我把嗓音压得极低才恢复正常音量:“一只手怎么抓绳子?我是个病人!”
月饼又跳进洞:“别矫情,病人总比死人好。”
“你这话什么意思?”
“看看你的手。”
我的手背上,六个血口正在迅速愈合,无数条毛细血管从伤口周围生长延伸,彼此连接,渐渐形成一张鬼脸。
四
岩洞并没有想象的深,下行十多米到达洞底。
地上散落着荧光棒,干燥的空气从左边隧道吹来,透着股草药的香味。
月饼把手电往我手里一塞:“去吧。

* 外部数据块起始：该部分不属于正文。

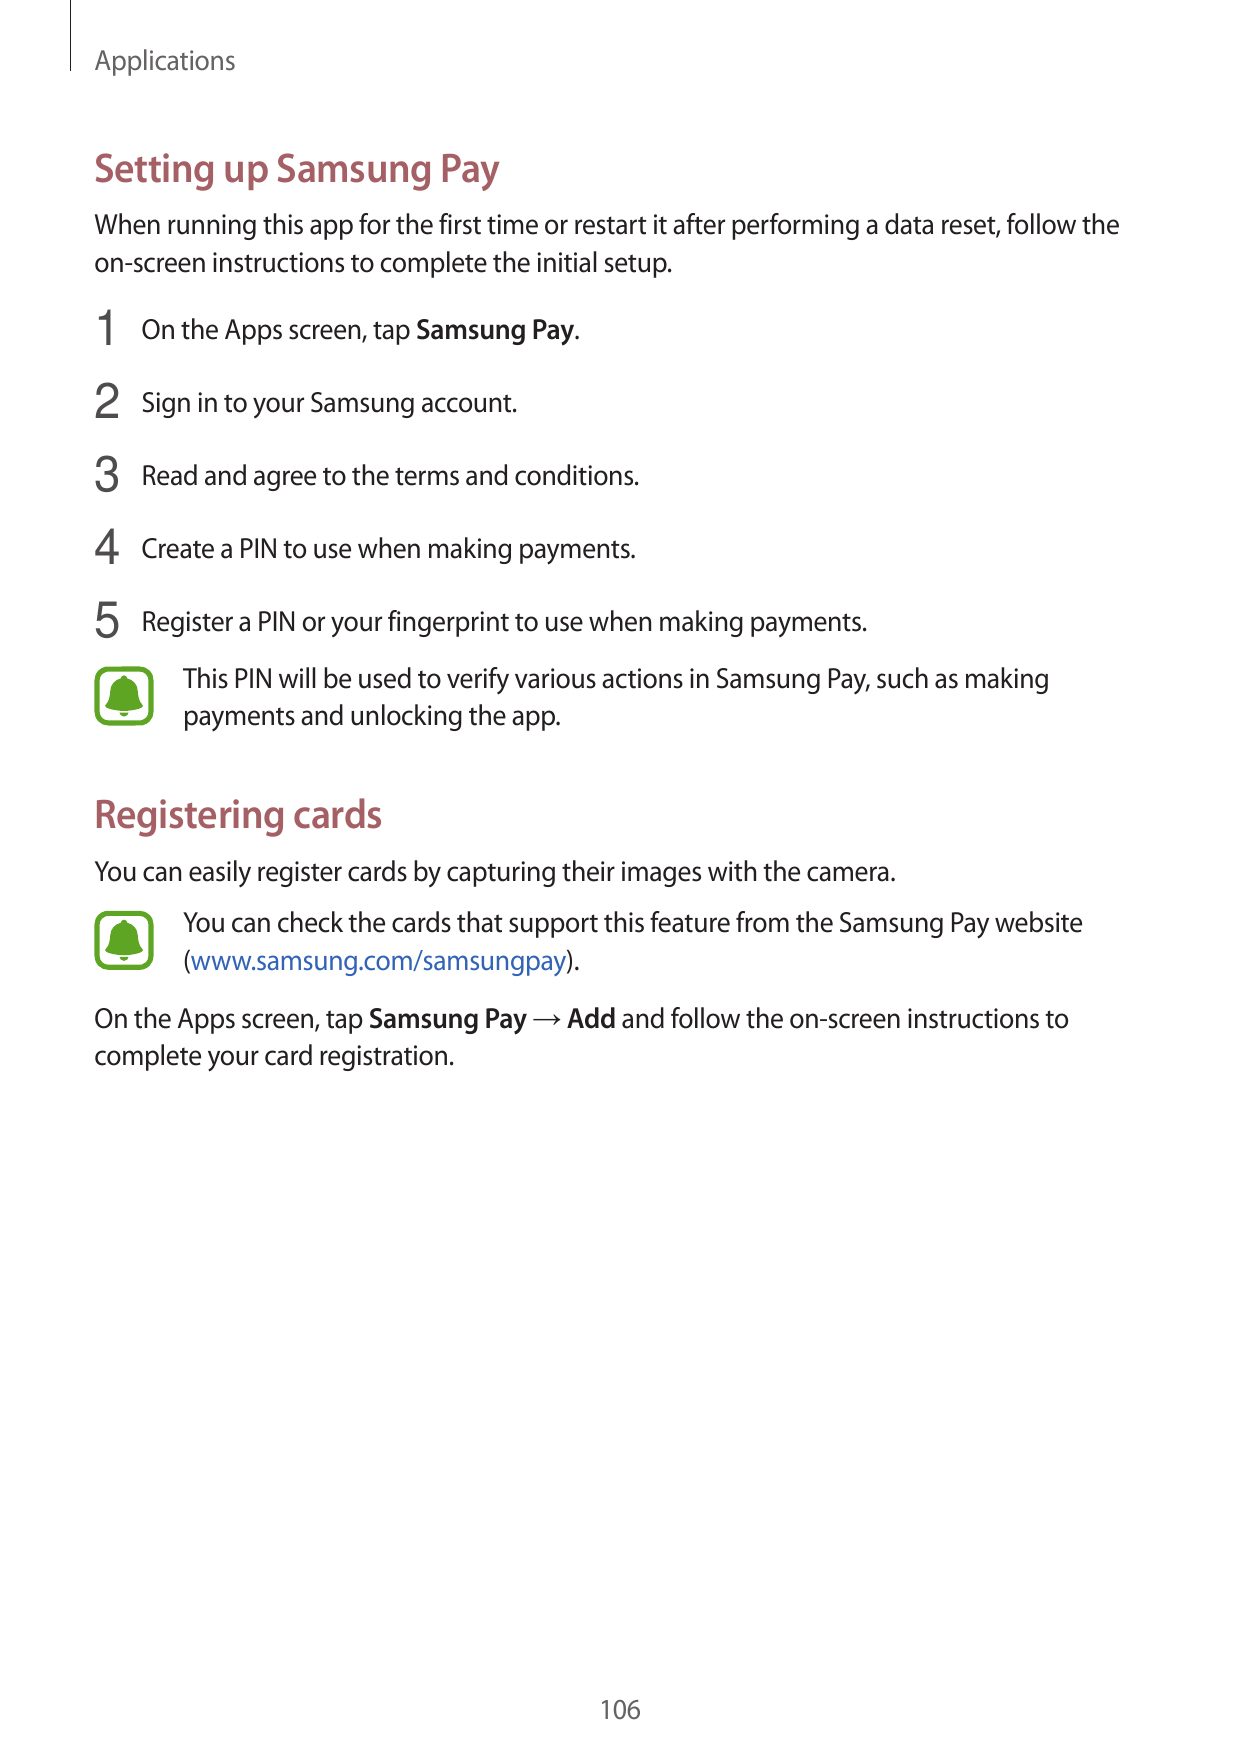 ApplicationsSetting up Samsung PayWhen running this app for the first time or restart it after performing a data reset, follow t

”
我手一哆嗦差点没拿住:“啥?”
“墙上有字自己看。”
月饼靠着岩壁垂头坐下,斜碎长发遮挡着额头,似乎故意不让我看到他的脸。
光柱照到隧道左侧,一行竖刻隶书:终境止,一人入。
看这意思是只能一个人进去。
我心里奇怪,问道:“里面到底有什么?这张鬼脸是怎么回事?”
话音刚落,手背突然剧痛,那张鬼脸高高肿起,眼睛位置横裂出两条缝,颤动着就要睁开。
月饼撩起额前头发,绿光荧光棒把月饼的脸映得惨绿,隐约能看到额头有一排愈合的伤口,数条毛细血管形成的鬼脸正在消褪。
“快点,要不就没时间了!”
“你丫不早说!”
我再没多问,转头冲进隧道,好像穿过一层透明薄膜。
三十多米长的隧道透着幽暗红光,手腕粗细的植物根茎顶出岩石,根须包裹着一个个人形隆起,绿色蠕虫从根须中探出半截躯体左右摇摆。
隧道尽头横着一方两米左右的石台,巨大的鬼脸刻在岩壁上方,两眼透着红光,笔直地照着并排躺在石台上的两个人,一只尸鳖残体散落在通往石台的台阶上。